═════ AVAILABLE DATA

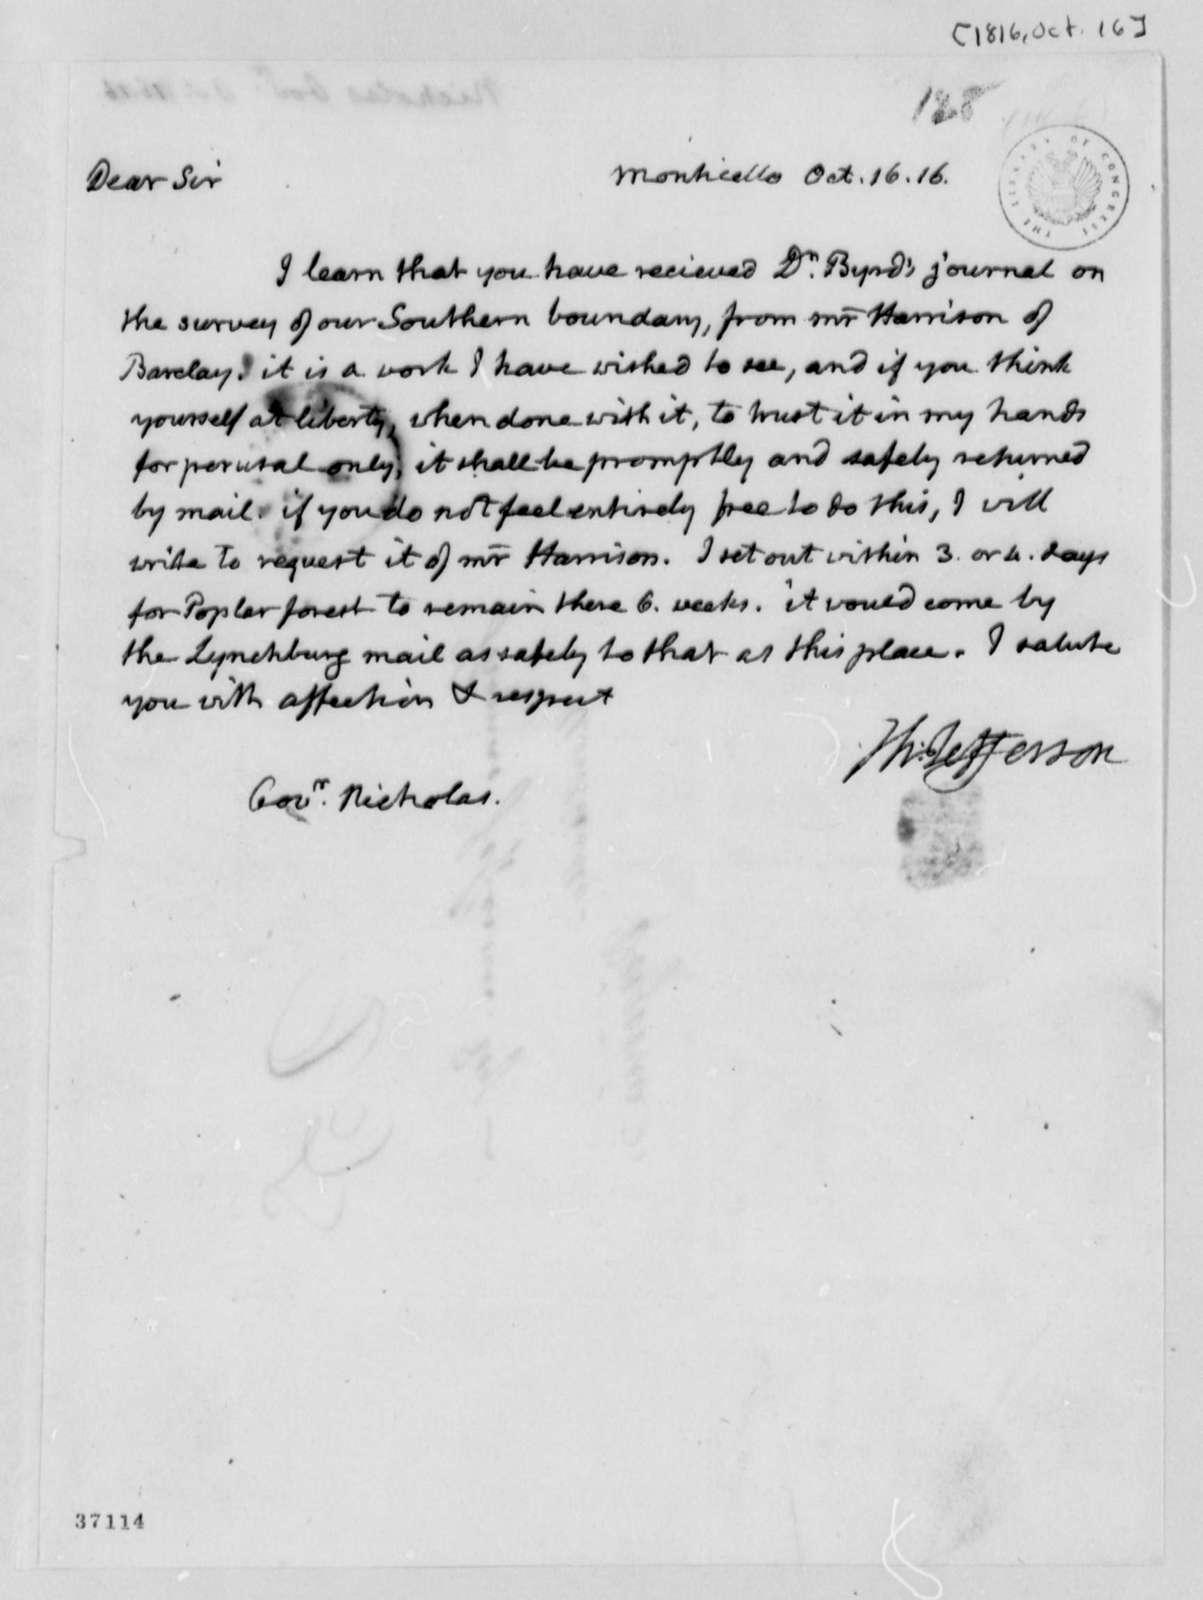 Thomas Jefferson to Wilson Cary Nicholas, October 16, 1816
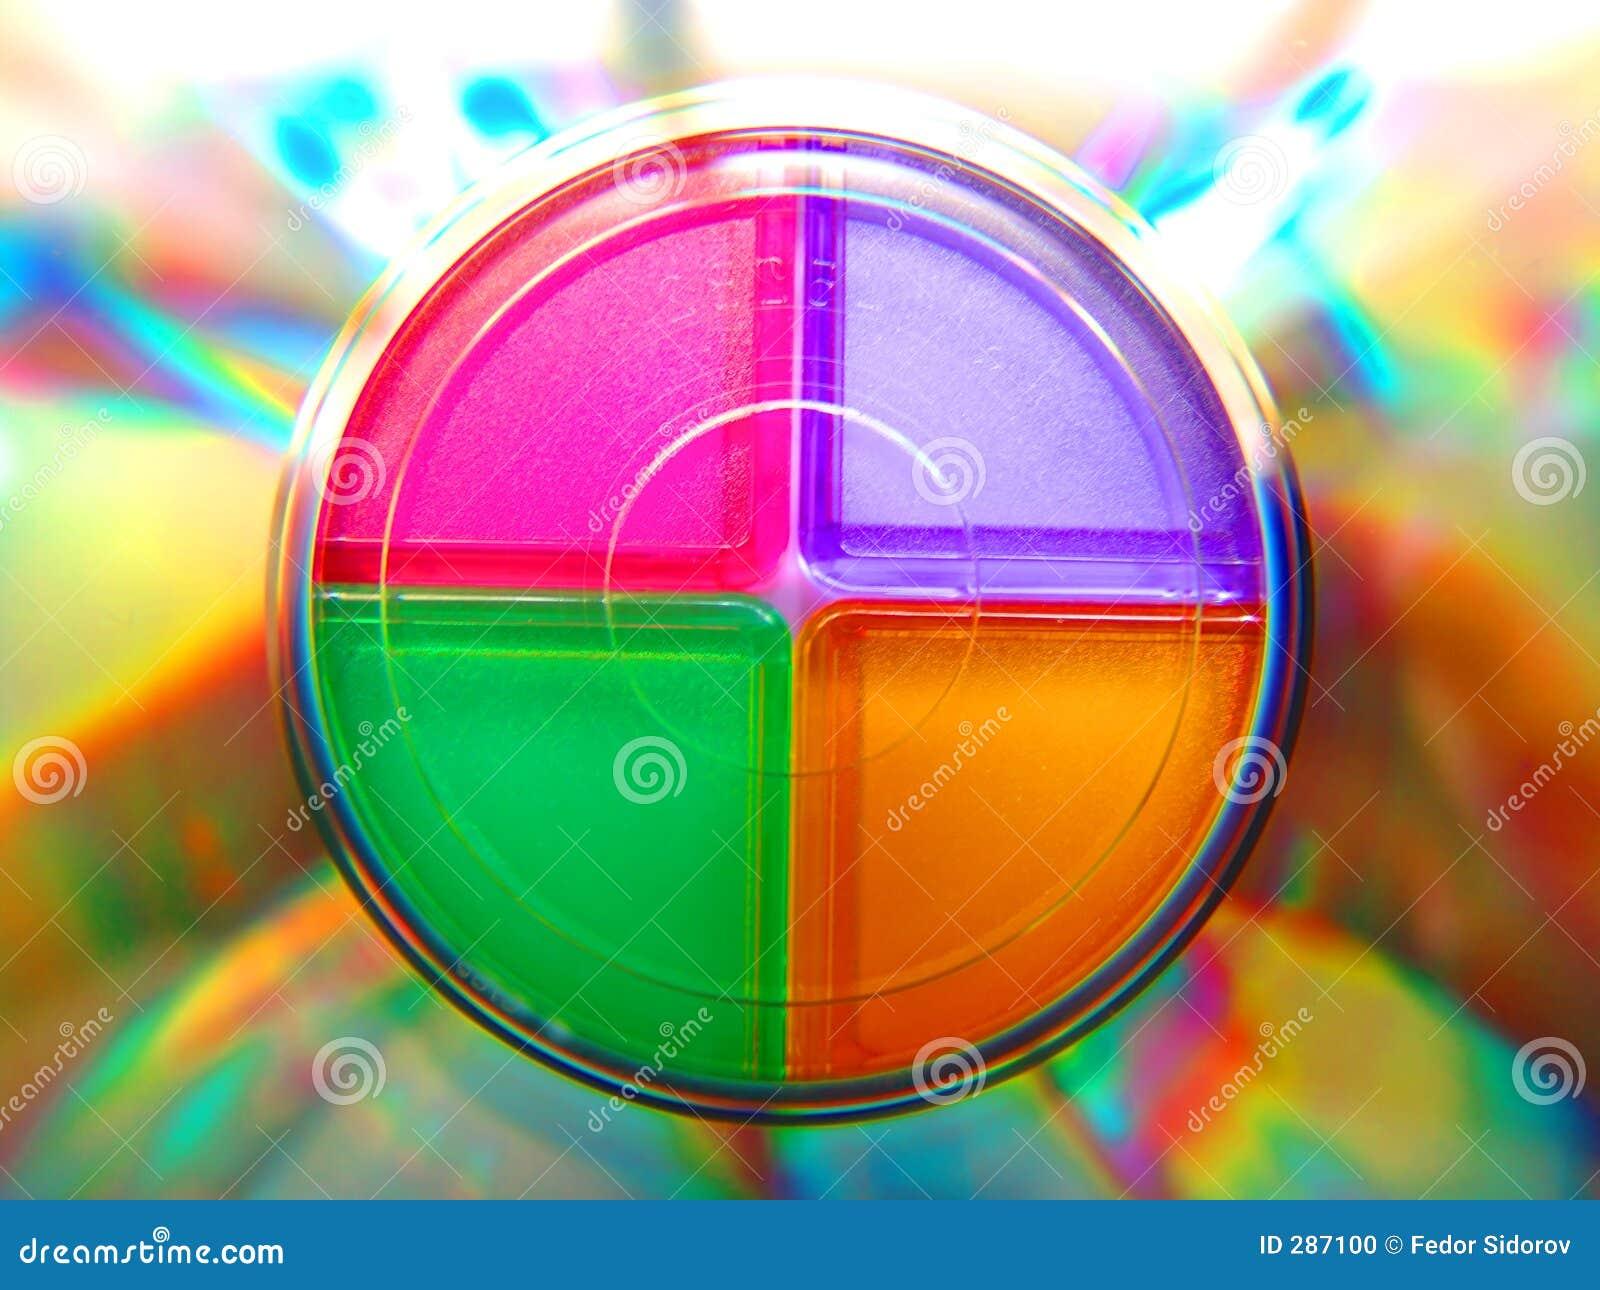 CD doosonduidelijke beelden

══════════
═════ AVAILABLE DATA

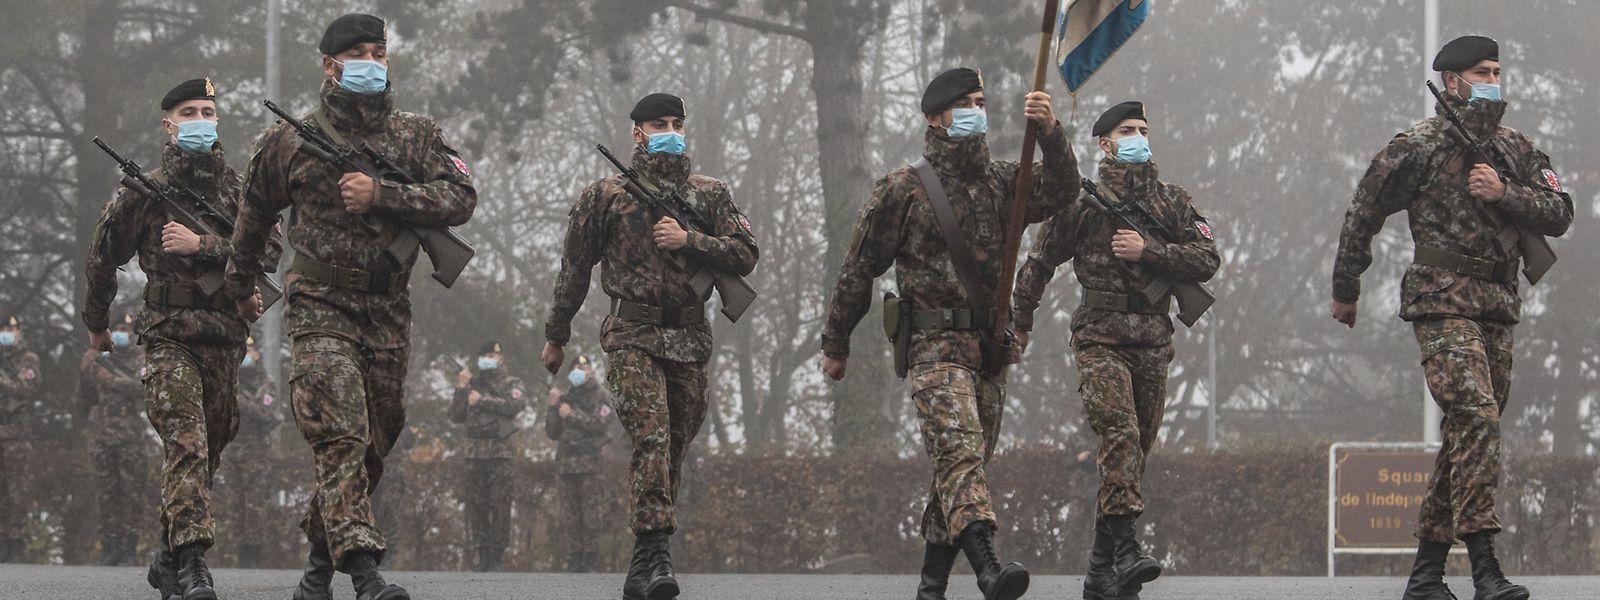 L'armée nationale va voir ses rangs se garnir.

══════════
═════ AVAILABLE DATA

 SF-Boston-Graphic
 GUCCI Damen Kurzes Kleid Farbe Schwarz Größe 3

══════════

THE PROBLEM:
Starting with the line that has "Thomas Jefferson to" and ending with the line that has "CD doosonduidelijke beelden", repeat the lines above exactly, omitting every picture.

ANSWER SECTION:
 Thomas Jefferson to Wilson Cary Nicholas, October 16, 1816
 CD doosonduidelijke beelden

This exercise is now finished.